On 2023/8/21 18:50, Will Deacon wrote:
> On Sat, Aug 19, 2023 at 06:22:12PM +0800, Shuai Xue wrote:
>> When a process tries to access a page that is already offline
>
> How does this happen?
Case 1:
When a process consume poison, it will trigger a Synchronous External Abort.
The memory-failure.c on arm64 platform does not work as expected, it does NOT
send sigbus to the process consumed poison because GHES handle all notification
as Action Option event. Process will not be collected to be killed unless explicitly
set early kill in mm/memory-failure.c:collect_procs(). Even worse, QEMU relies on
SIGBUS and its code to perform vSEA injection into the Guest Kernel.
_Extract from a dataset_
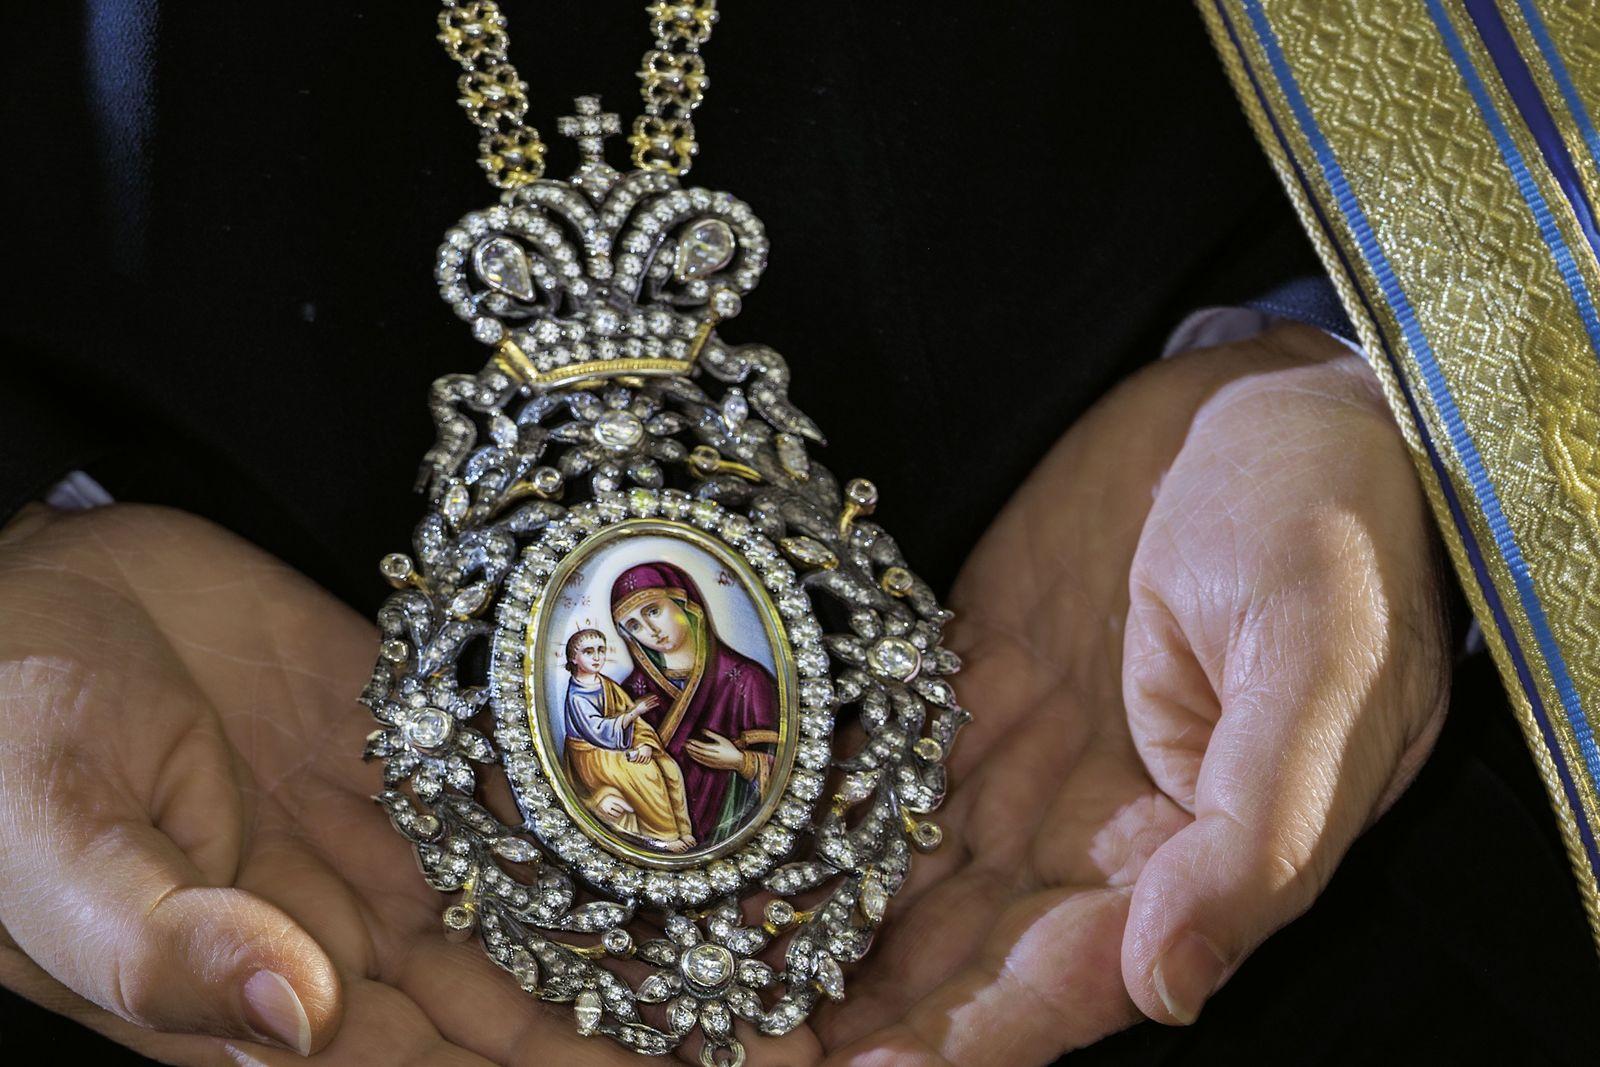 Ikone mit der Jungfrau Maria und dem Jesuskind
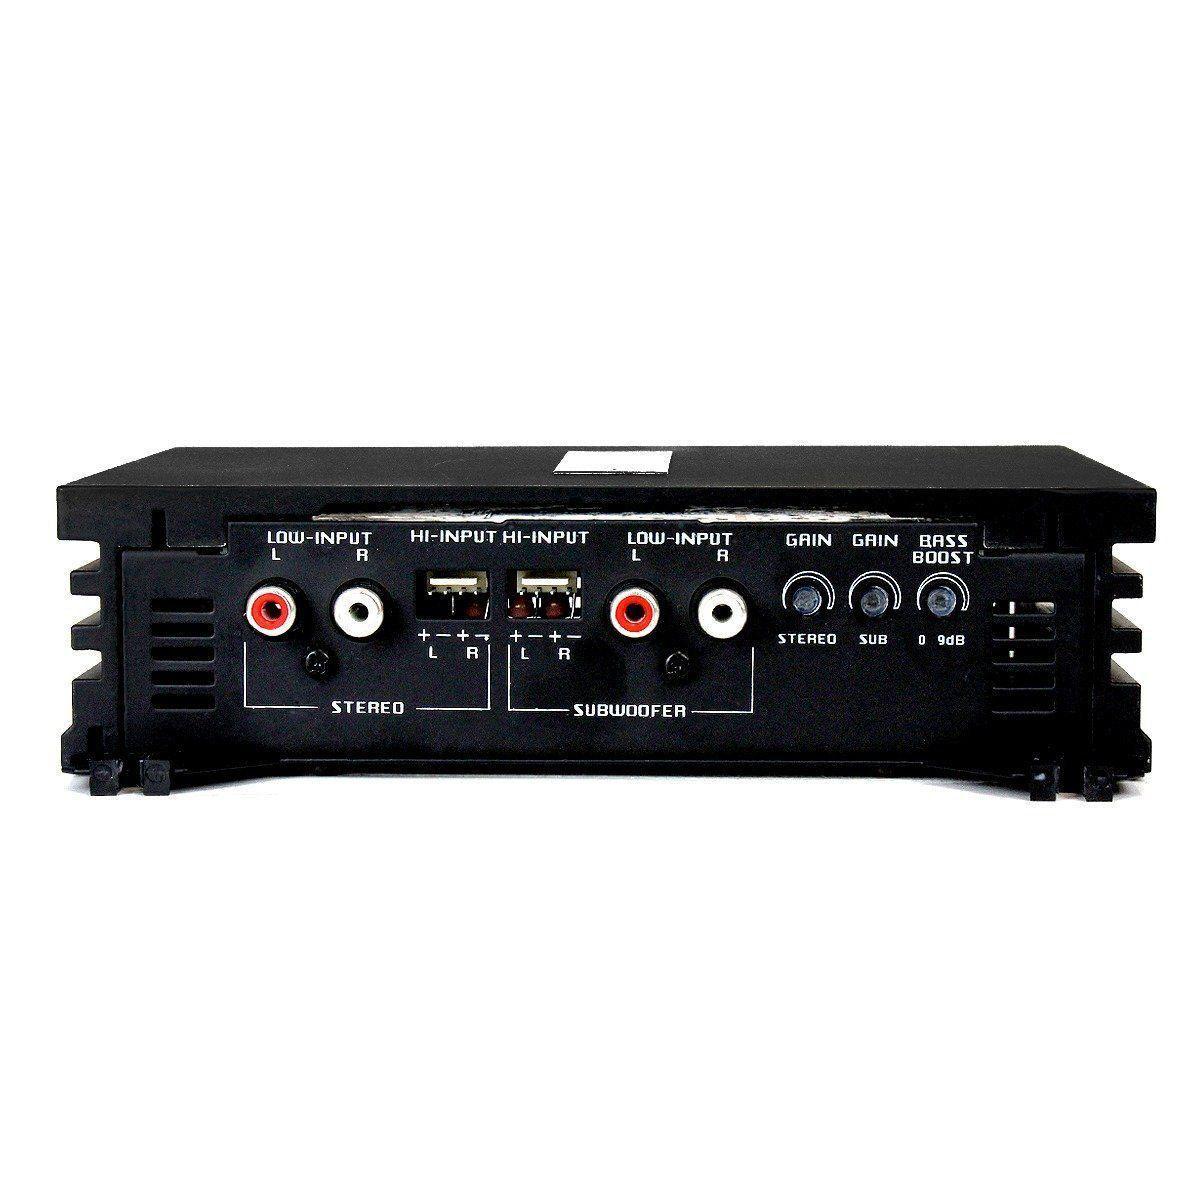 Modulo Amplificador Falcon Hs 960 Dx 4 Canais 460 Wats Rms Mono e Stereo

The memory-failure.c only offlines the page which unmaps the page from process.
and the process will start from the last PC so that a page fault occurs. Then
a sigbus will send to process in do_page_fault() with BUS_MCEERR_AR.
By the way, I have sent a patch set to solve the memory failure workflow in GHES[1]
collect some reviewed-tags, but there has been no response since the last version
sent 4 months ago. Could you please help to review it? Thank you.
https://lore.kernel.org/all/[email protected]/
Case 2:
When a poison page shared by many processes, the memory-failure.c unmap the poison page
from all processes and only send sigbus to the process which accessing the poison page.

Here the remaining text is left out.